▶ _WHAT YOU SHOULD DO_:
Set out exactly every line of the entries below, starting at the line that holds "Панорамный вид на" and stopping after the line that holds "Ibiza Light LSM900W".

▶ _GIVEN DATA_:
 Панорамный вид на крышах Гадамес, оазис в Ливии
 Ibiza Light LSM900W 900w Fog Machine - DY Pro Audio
==
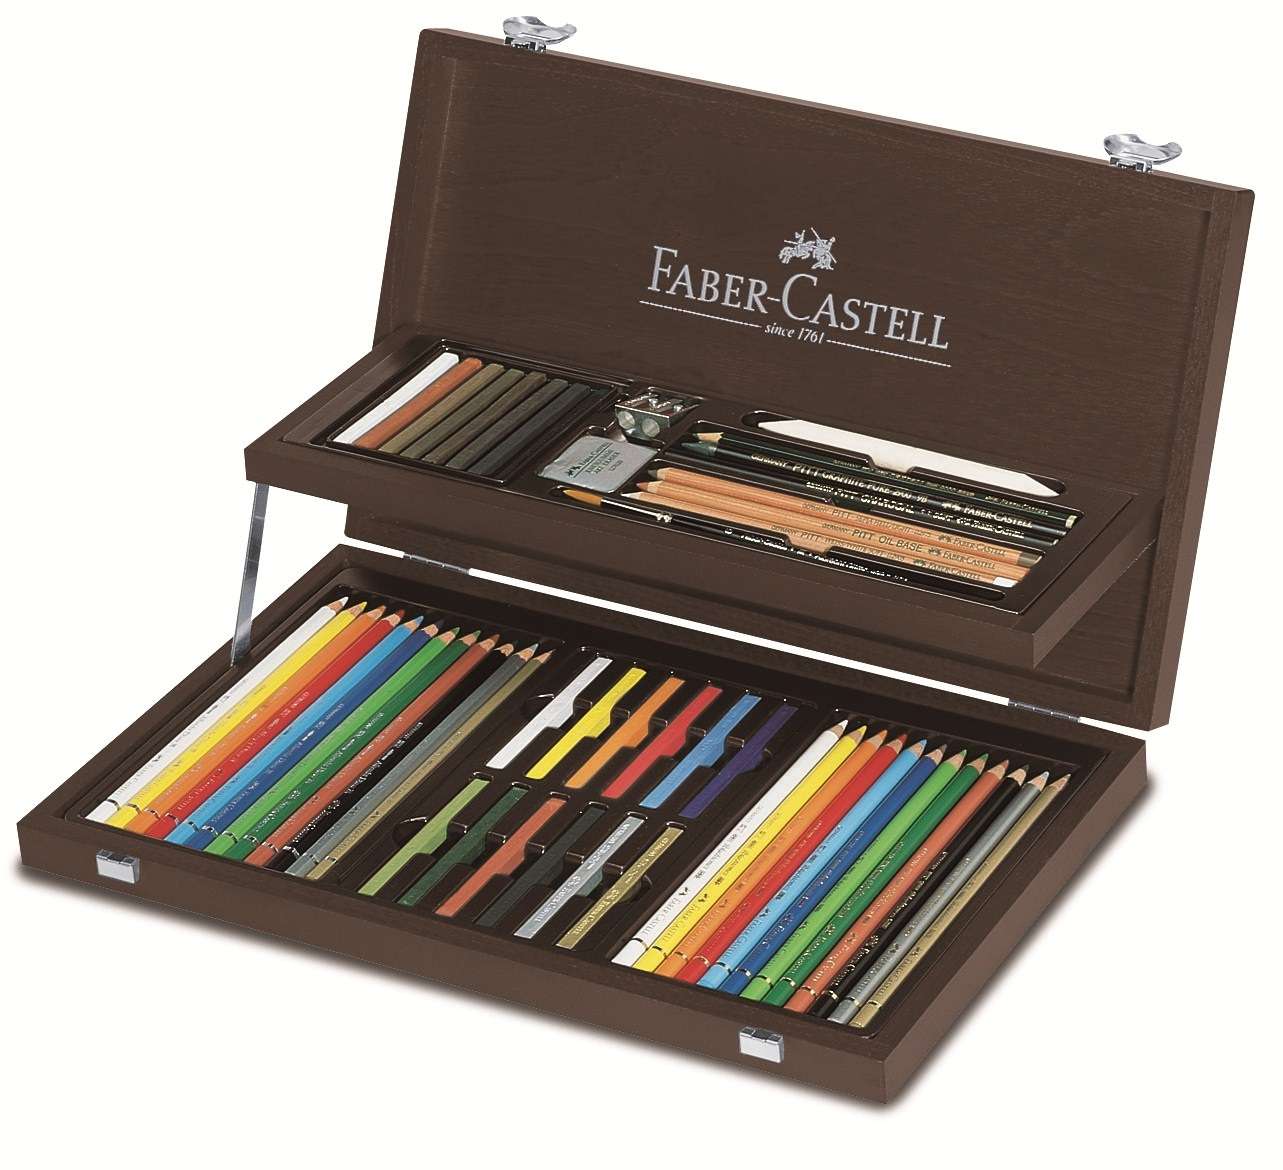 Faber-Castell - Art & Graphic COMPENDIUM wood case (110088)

▶ _TASK OUTPUT_:
 Панорамный вид на крышах Гадамес, оазис в Ливии
 Ibiza Light LSM900W 900w Fog Machine - DY Pro Audio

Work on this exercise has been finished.